Timeout Detection and Recovery or TDR is a feature of the Windows operating system (OS) introduced in Windows Vista. It detects response problems from a graphics card (GPU), and if a timeout occurs, the OS will attempt a card reset to recover a functional and responsive desktop environment. However, if the attempt was unsuccessful, it results in the Blue Screen of Death (BSOD). The recovery tries to mitigate the scenario where an end user superfluously reboots their device should it become unresponsive. [1]
When the GPU takes more than the allotted time to process a request, the system's GPU scheduler will pick up the anomaly. It then tries to preempt the particular task, this operation has the TDR timeout which is 2 seconds by default. [1] [2]

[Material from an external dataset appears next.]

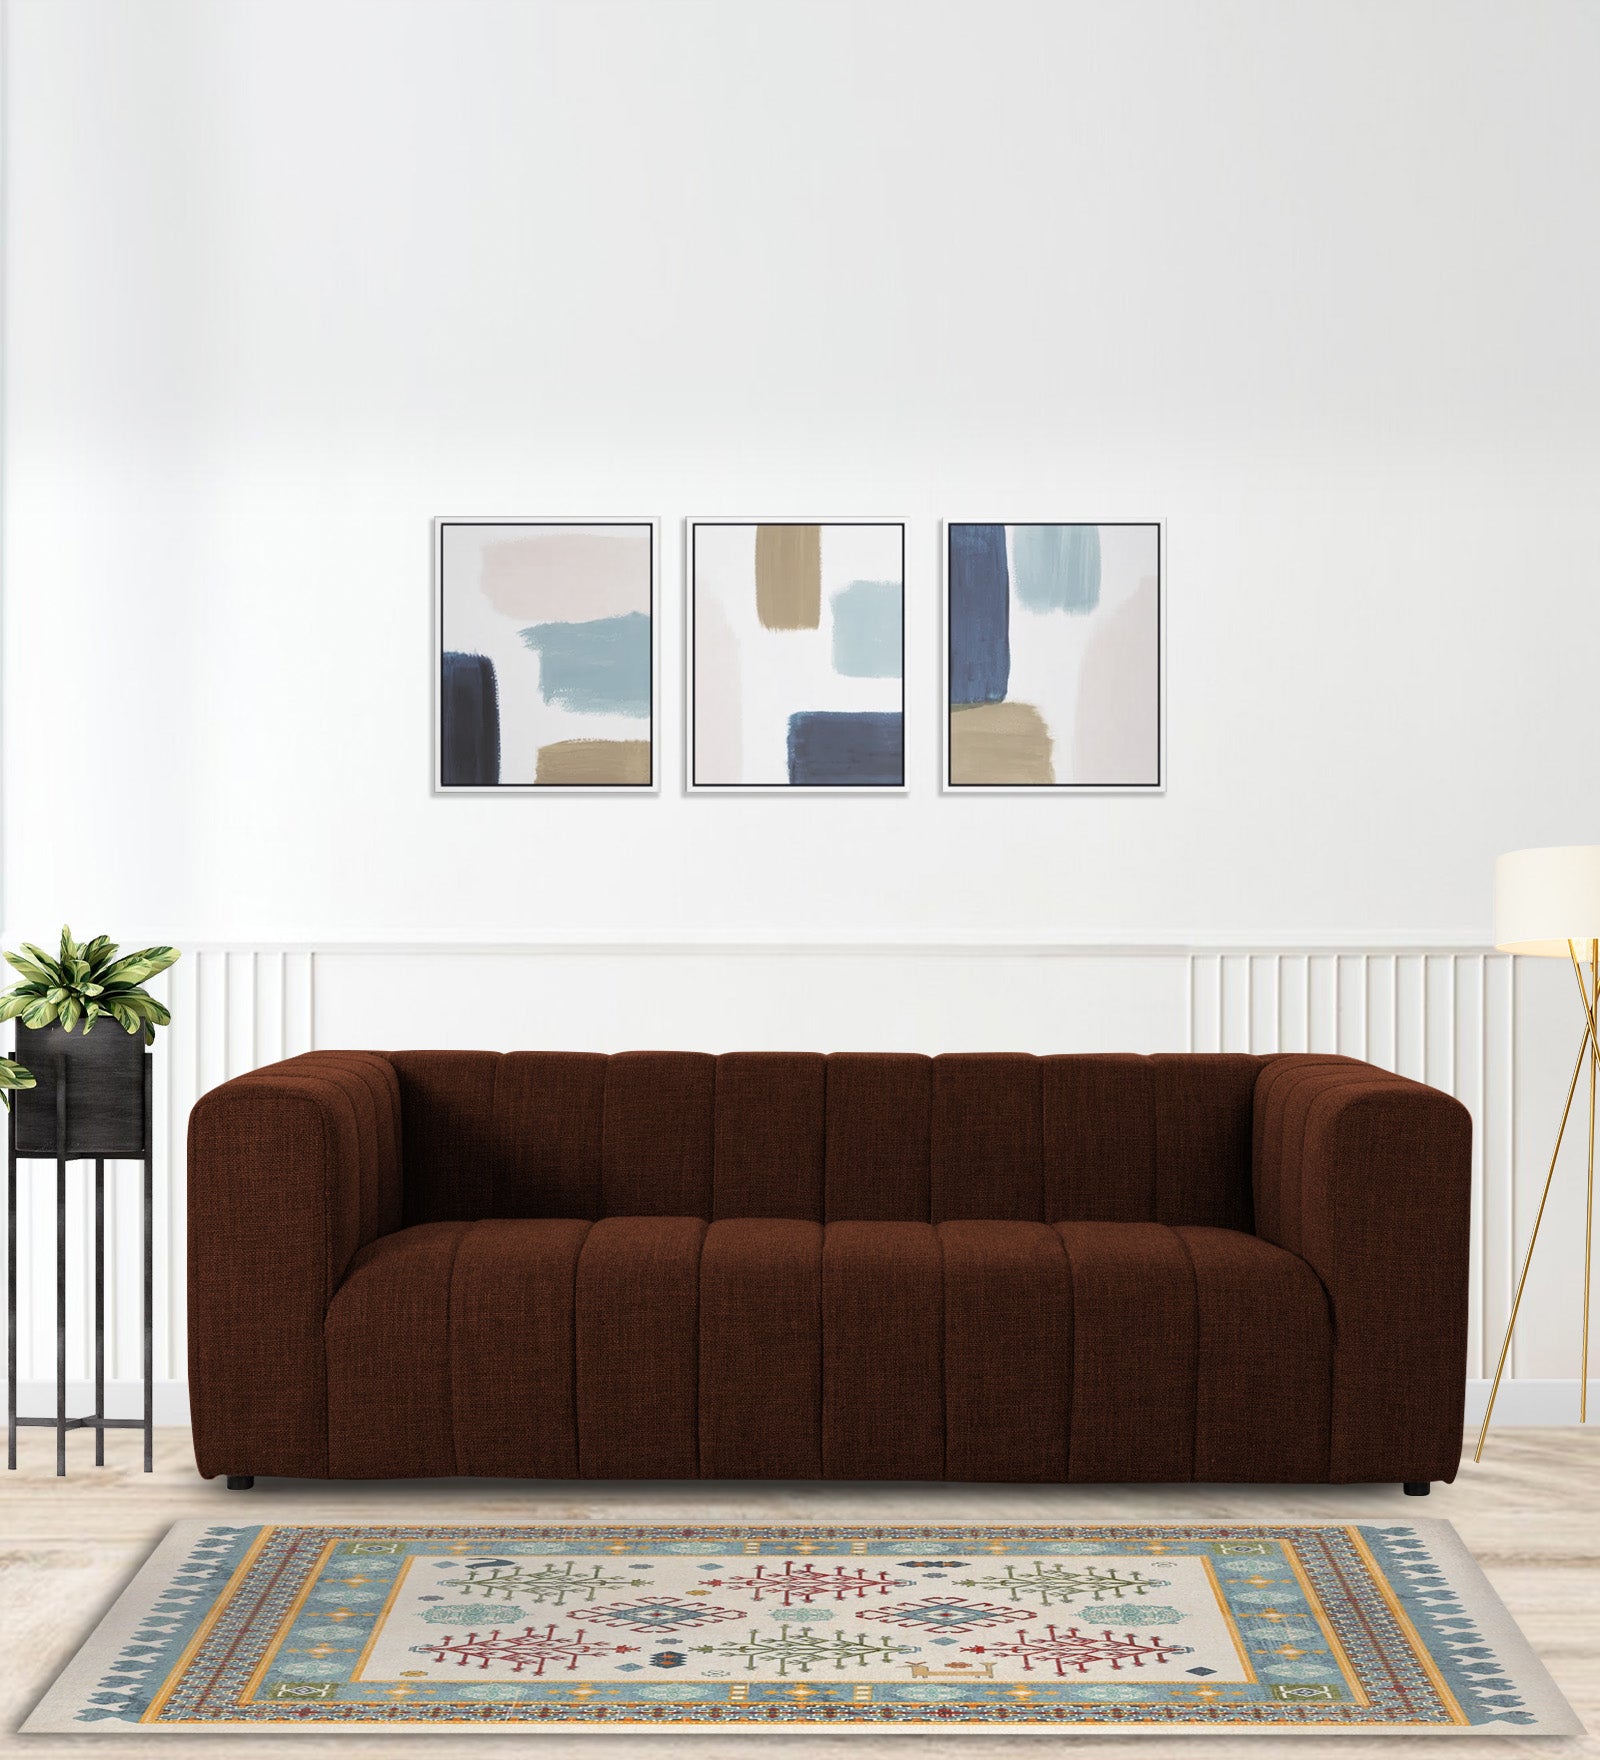 Lara Fabric 3 Seater Sofa in Coffee Brown Colour

Once the timeout is up and the task is not completed or preempted, the kernel determines that the GPU is frozen and proceeds to inform the respective driver about the detected timeout. It is then the driver's responsibility to properly reset and reinitialize the underlying GPU. [1] [2]
The OS will then do a bunch of other recovery steps needed for the system to regain responsiveness. If the entire operation was successful, the end user might see some visual artefacts and a message will be shown on the screen describing what had happened ("Display driver stopped responding and has recovered."), else a BSOD might ensue. [1] [2]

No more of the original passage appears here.